Here’s what I have found to reduce anxiety and create more ease:
Get sufficient sleep. Even modest reductions in sleep can contribute to anxiety. While we can’t control how much sleep we get, we can maintain the conditions that promote sufficient sleep, which is at least seven hours for me.
Pay attention. Research shows that attention to our actions helps center and focus the mind, reducing anxiety. Cultivating awareness is a daily practice, not a one-time event.
Breathe through your nose. For the past nine months, I’ve been practicing breathing through my nose, day and night. Breathing through the nose offers many benefits, including extracting more oxygen from the air, reducing periodontal disease, and less stress on the body. In my experience, I also feel more grounded, calm, and peaceful, similar to meditation.
“Specifically, slower [nose] breathing activates the parasympathetic nervous system, reducing anxiety and signaling the body to calm down,” says Ann Dutton, director of the Yale Stress Center mindfulness education program.
Do one thing at a time. While doing multiple tasks at once can feel enlivening, we all know by now that multitasking is an illusion. Not only is it unproductive, but worse, multitasking generates stress. Doing one task at a time allows the mind to stay focused, which helps minimize stress and anxiety.
Surrender to the outcome. Despite our ambition, even if we commit to working hard on our ideas, we can only control our actions, not the results of our efforts. We either get the contract, or we don’t. People buy our music, or they don’t. We climb the mountain, or we don’t. But chasing goals we hadn’t thought through and buying things we don’t need, and acknowledging that doesn’t mean we don’t try. task is to show up, do the work, and let go, trusting that the universe or God will take care of the rest. How people respond to our offering is not within our control.
"Proficiency and the results of proficiency come only to those who have learned the paradoxical art of doing and not doing, of combining relaxation with activity, of letting go as a person..." - Aldous Huxley
Check out this article for additional tips on managing anxiety, including statements we can say to ourselves to bring about a sense of calm.
In the excitement of striving and the competitive scramble to succeed, the temptation is to speed up and overreach. Such frenetic activity is initially compelling, even intoxicating, but frenzied engagement is unsustainable and ultimately empty.
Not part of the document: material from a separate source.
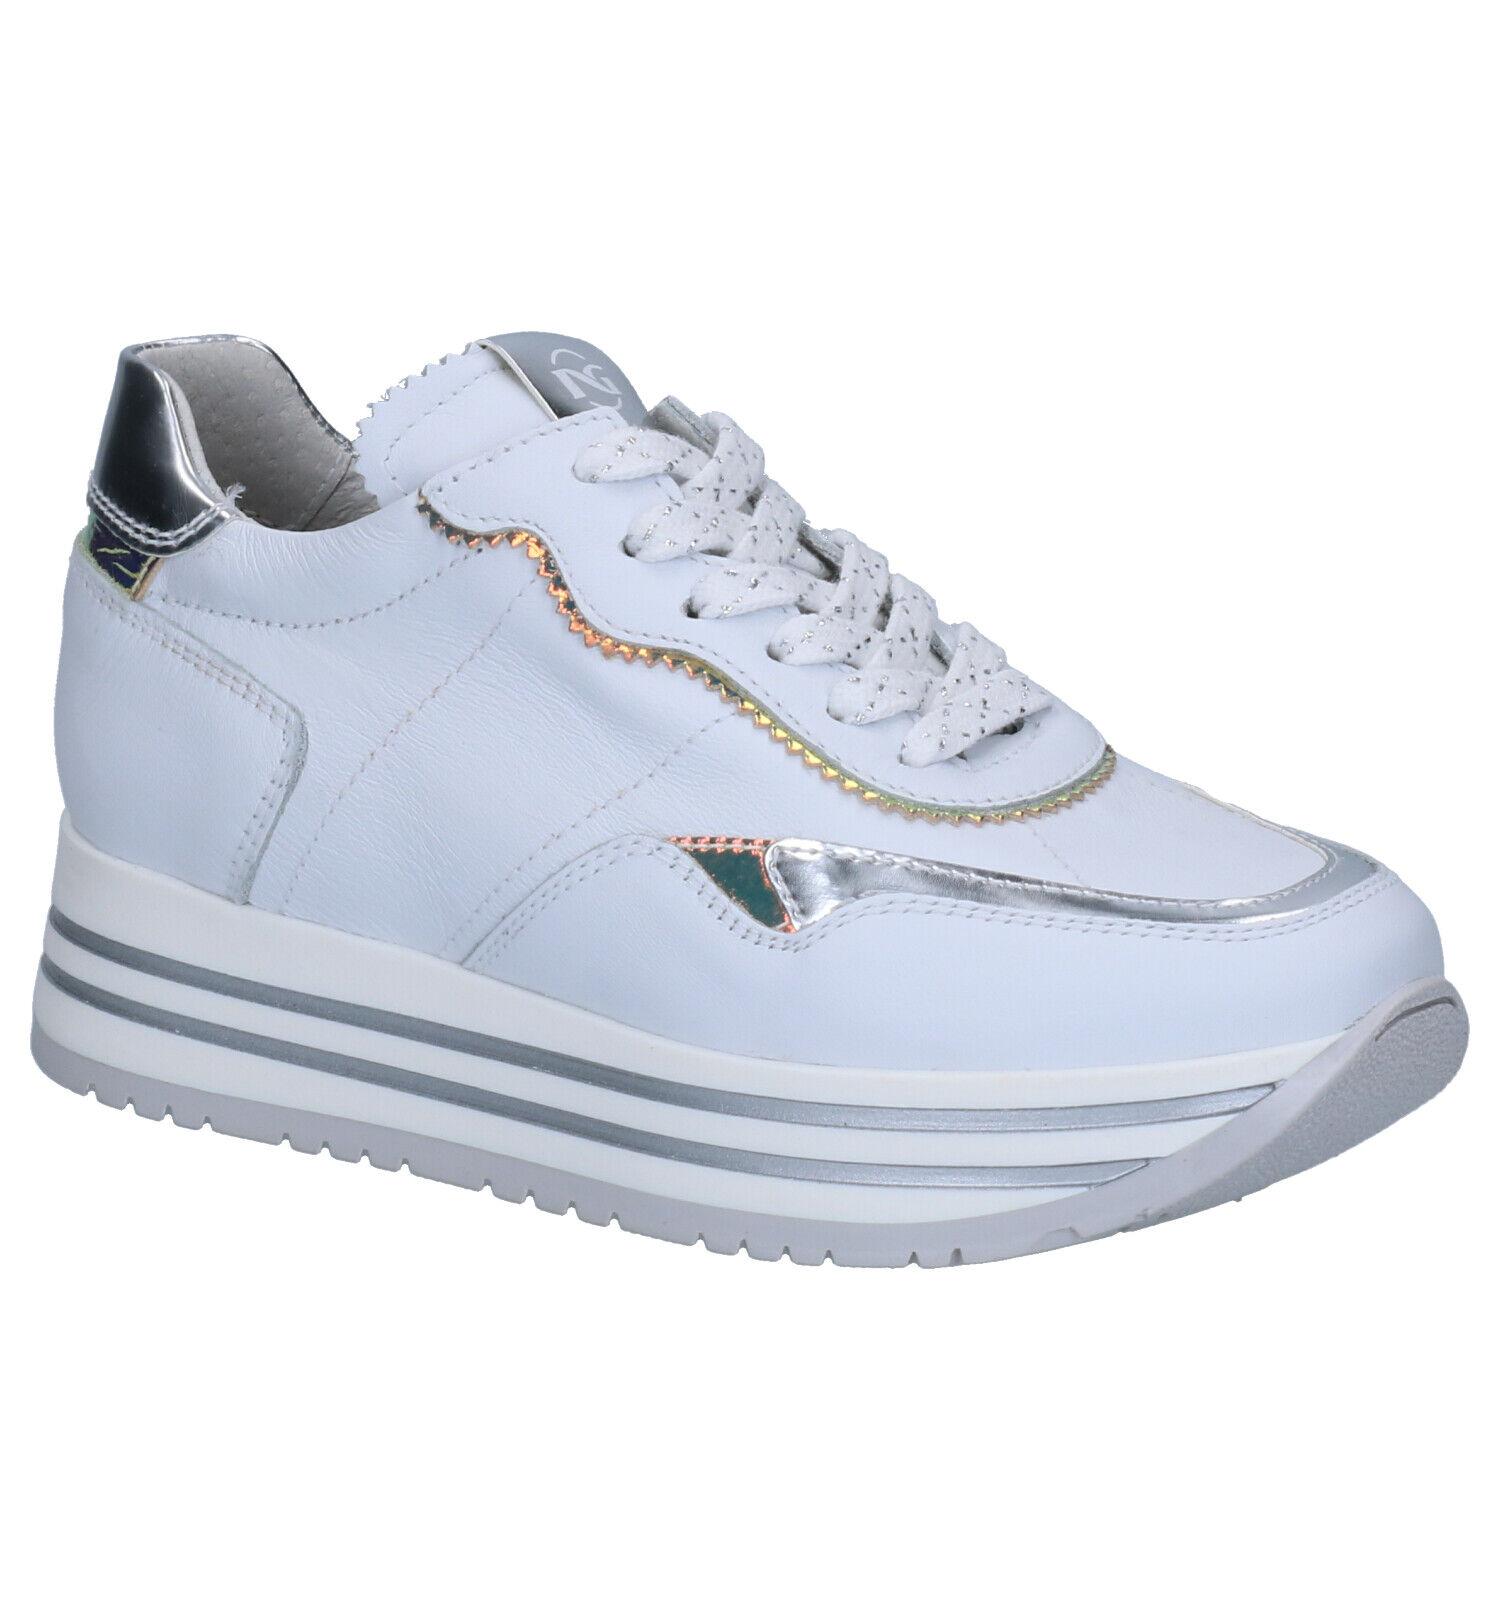 Lage schoenen voor Meisjes | SCHOENENTORFS.NL | Gratis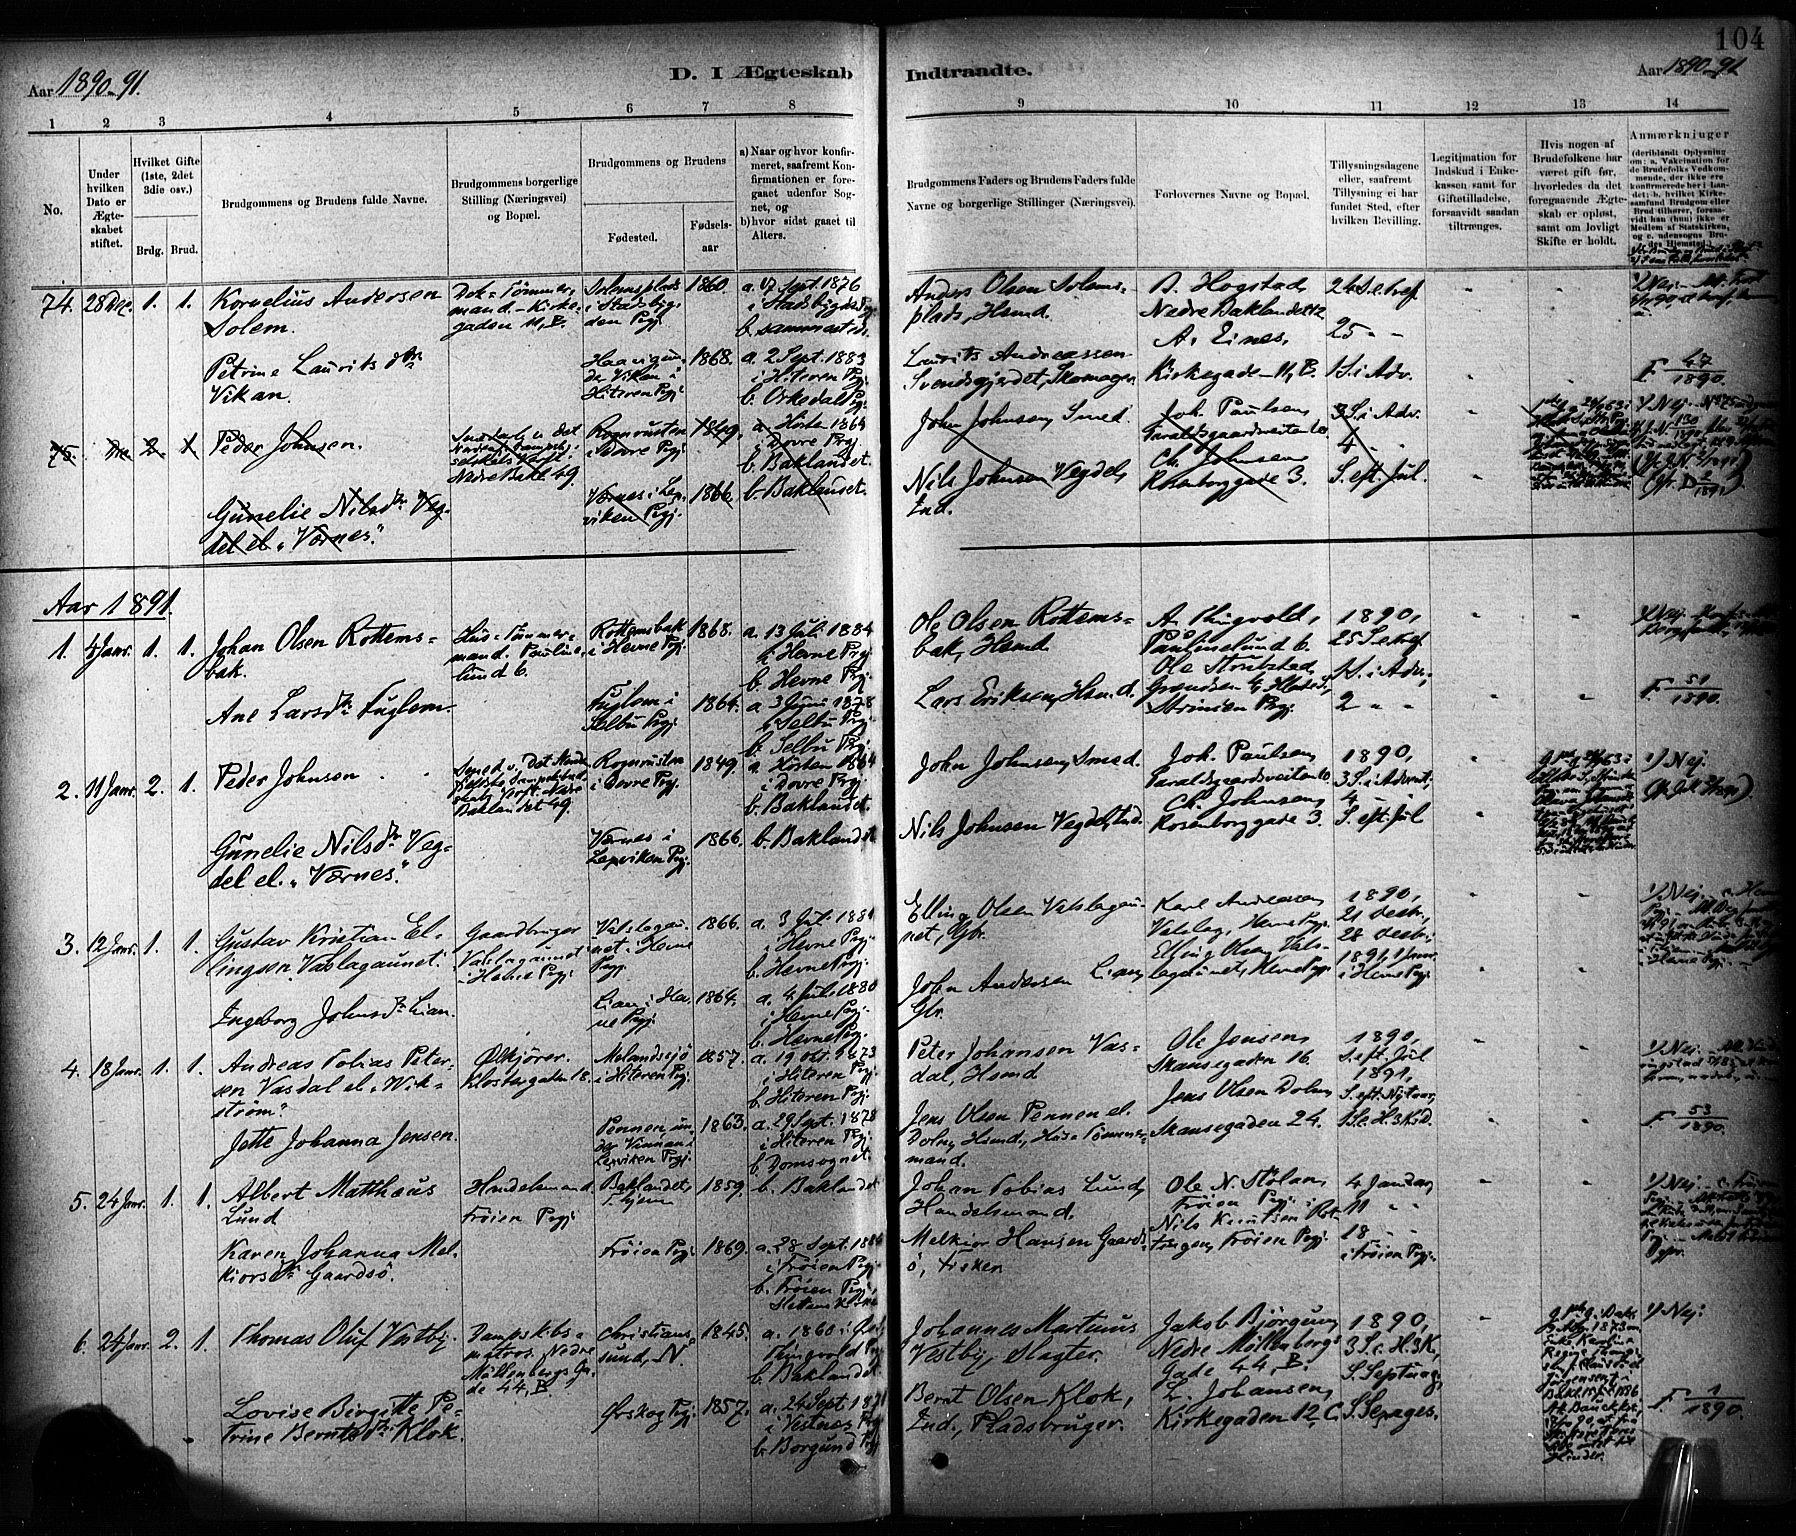 SAT, Ministerialprotokoller, klokkerbøker og fødselsregistre - Sør-Trøndelag, 604/L0189: Ministerialbok nr. 604A10, 1878-1892, s. 104

Finding balance is a matter of personal honesty, and everyone has to figure it out for themselves. But some people have never learned how to shut the thing off. It can be painful to look back and realize we’re hooked.
Are you honest with yourself, how you’re living, and whether you’re engaging the world on your terms and in your own time? Are you mortgaging the present to the future? What is your shut-off system so you can play the game of life without getting hooked?
It may be difficult, but harmony is essential to find meaning and personal fulfillment in our anxious modern world.